======== Given information ========

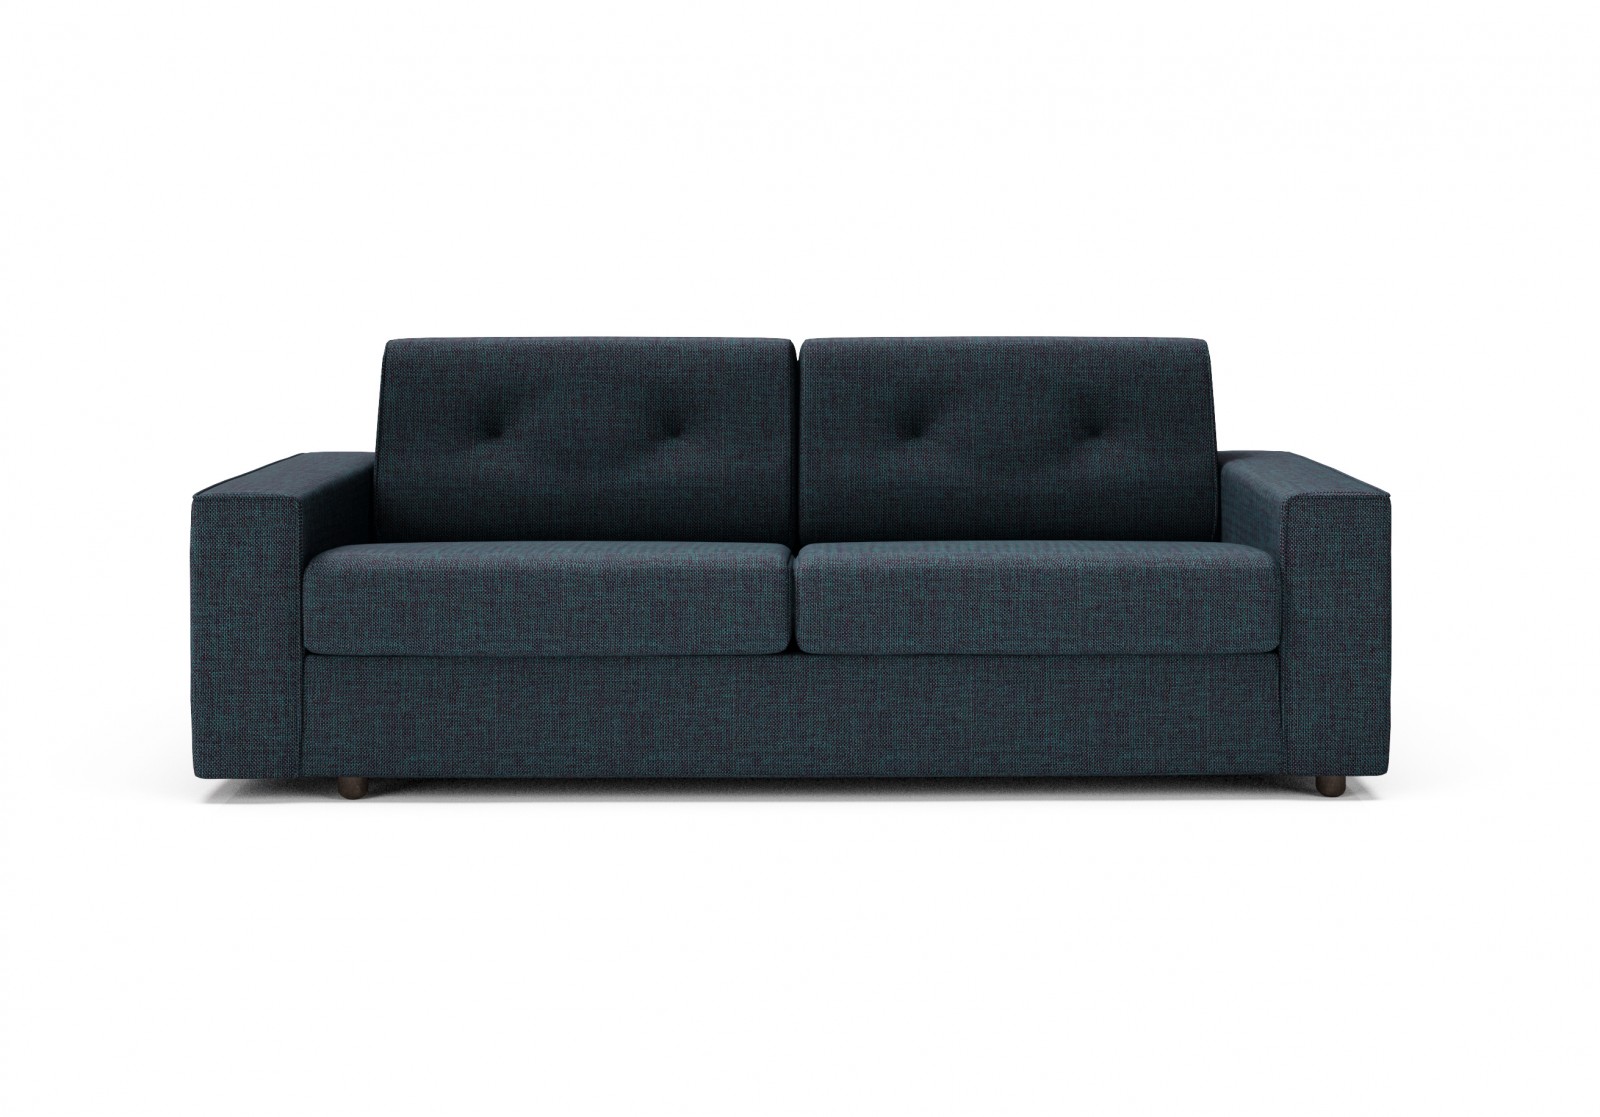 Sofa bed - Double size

========
======== Given information ========

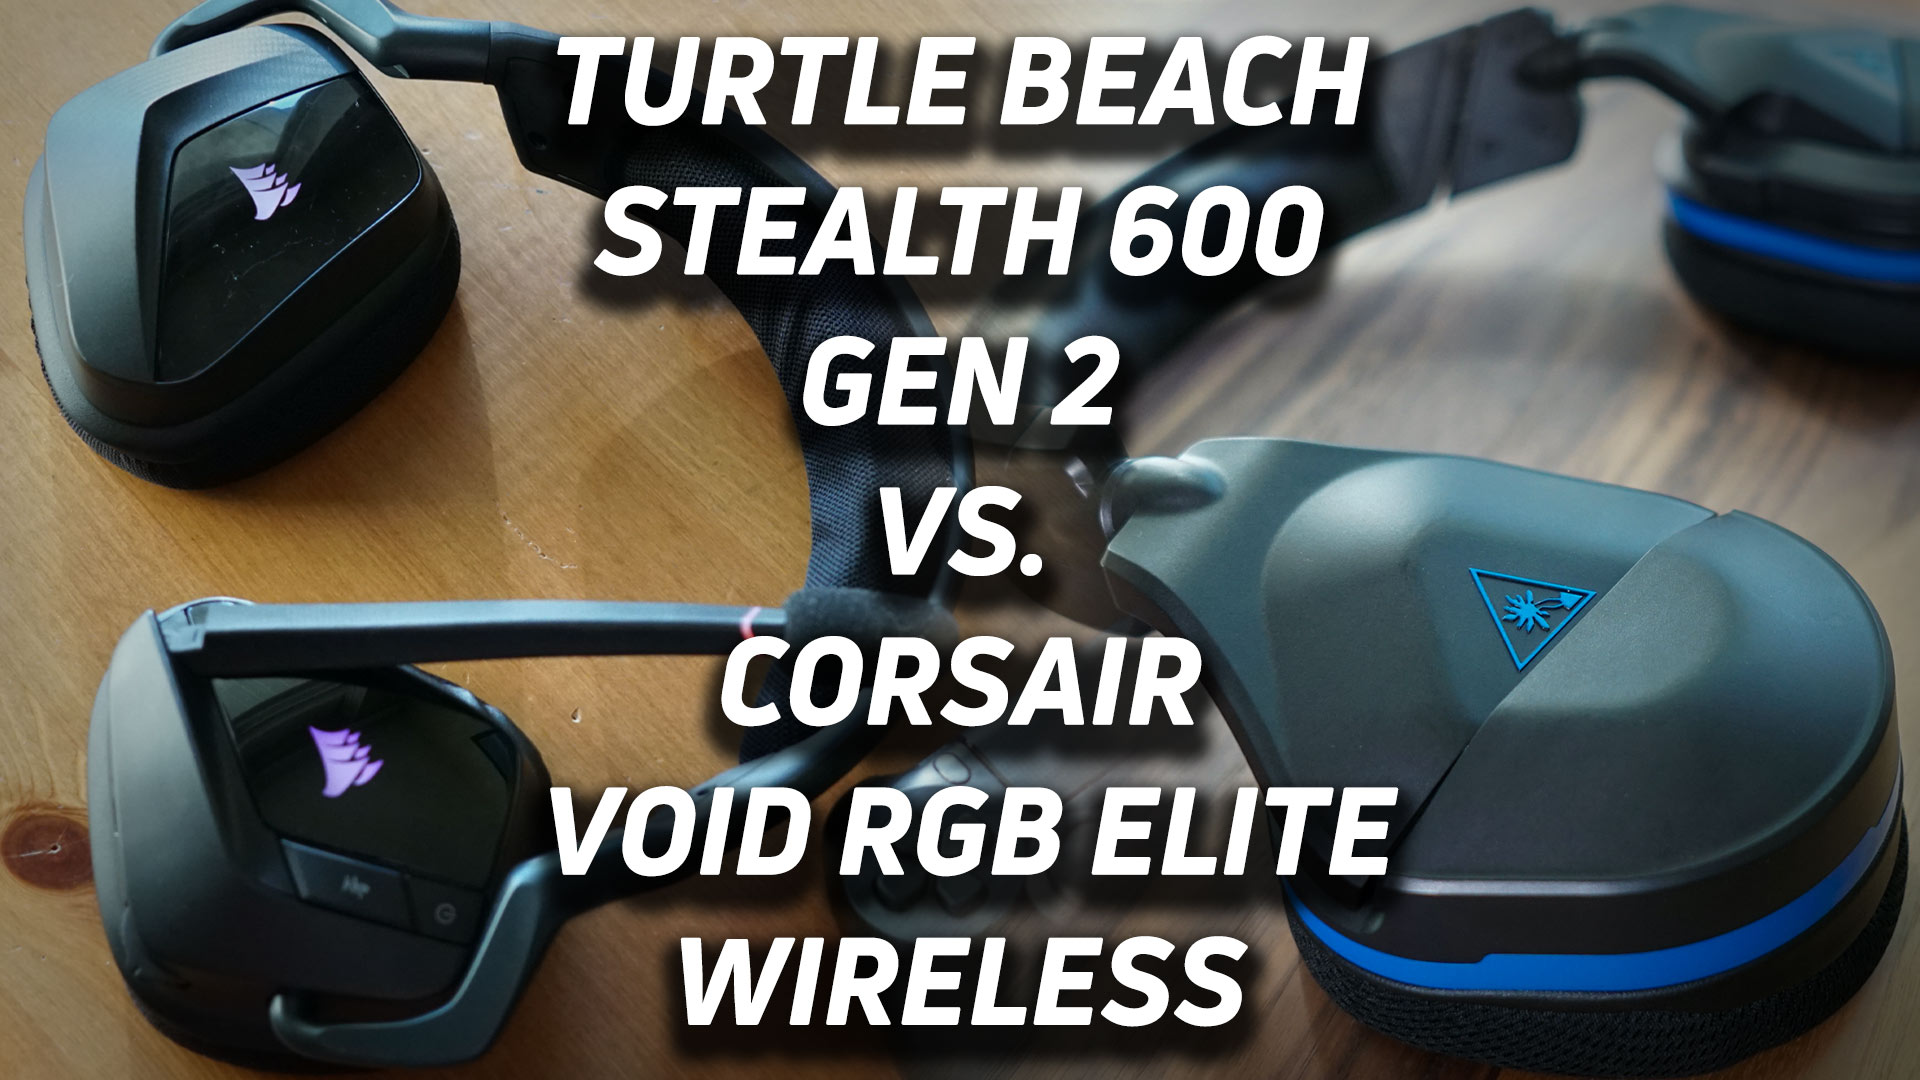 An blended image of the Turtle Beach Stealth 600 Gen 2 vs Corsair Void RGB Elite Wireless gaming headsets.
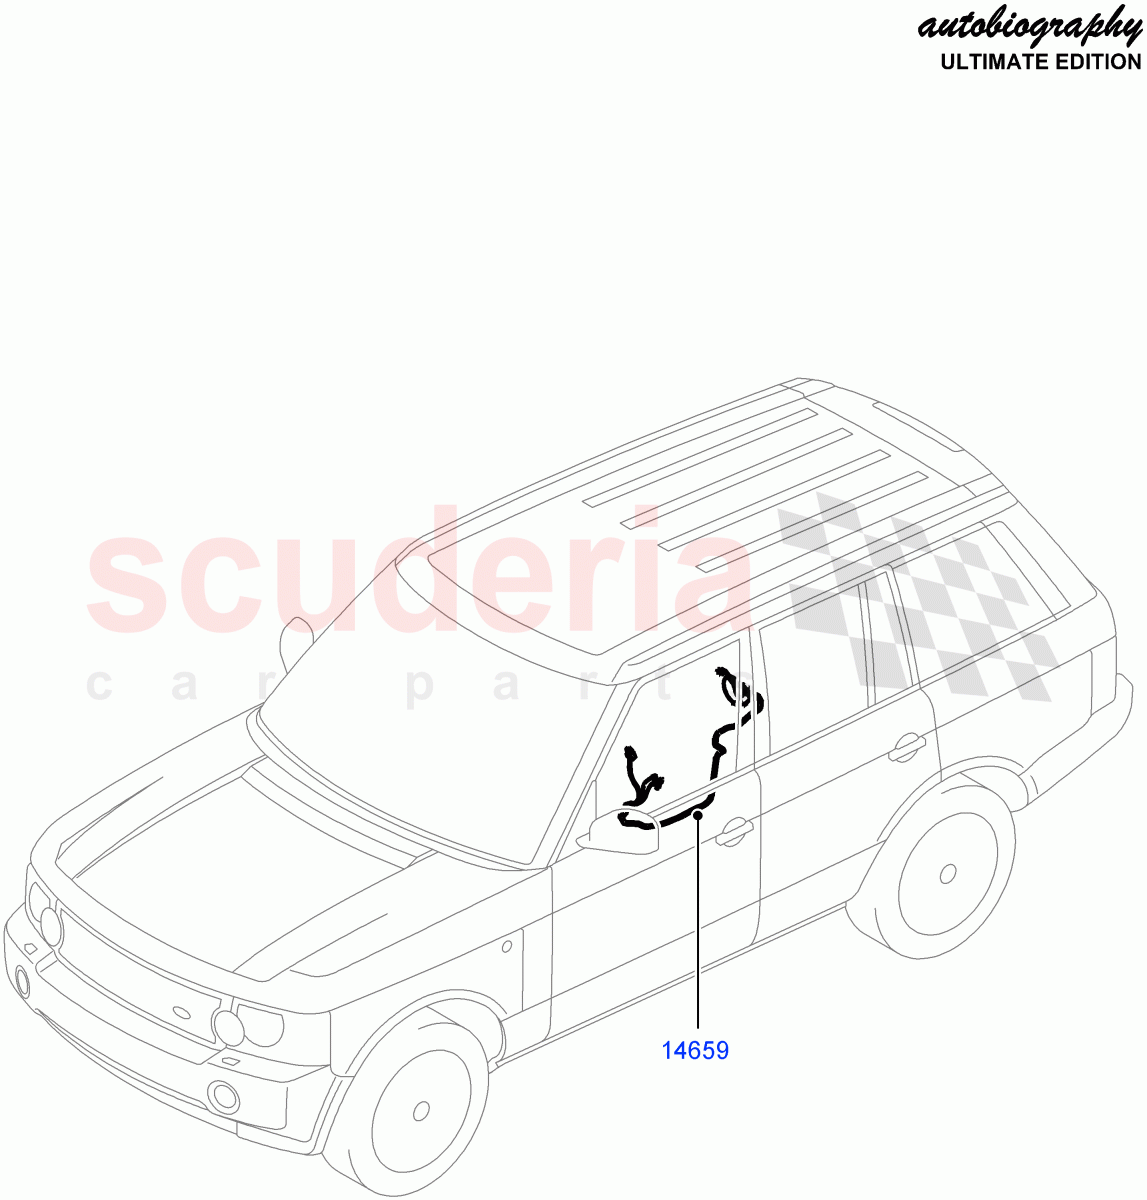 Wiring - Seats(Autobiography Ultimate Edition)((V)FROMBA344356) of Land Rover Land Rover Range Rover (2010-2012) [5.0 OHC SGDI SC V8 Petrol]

========
======== Given information ========

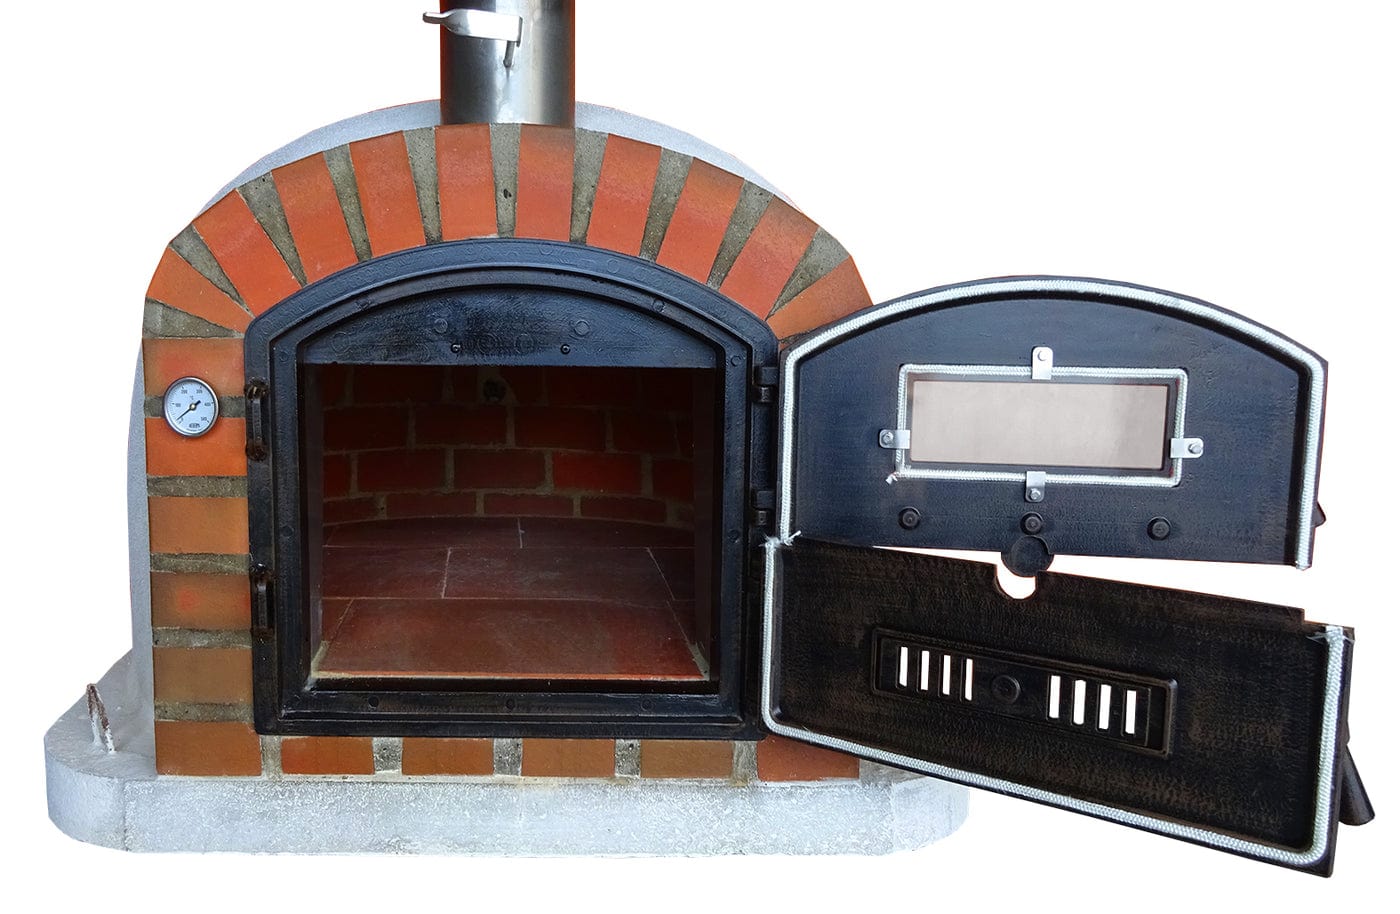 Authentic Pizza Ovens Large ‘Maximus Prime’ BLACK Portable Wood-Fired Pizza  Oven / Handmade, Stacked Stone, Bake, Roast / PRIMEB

========

- [Your assignment]: Given the listing above, retype only the span of lines from the line with "An blended image" up to and including the line with "Wiring - Seats(Autobiography", exactly as it stands and without pictures.

- [Answer to this task]:
 An blended image of the Turtle Beach Stealth 600 Gen 2 vs Corsair Void RGB Elite Wireless gaming headsets.
 Wiring - Seats(Autobiography Ultimate Edition)((V)FROMBA344356) of Land Rover Land Rover Range Rover (2010-2012) [5.0 OHC SGDI SC V8 Petrol]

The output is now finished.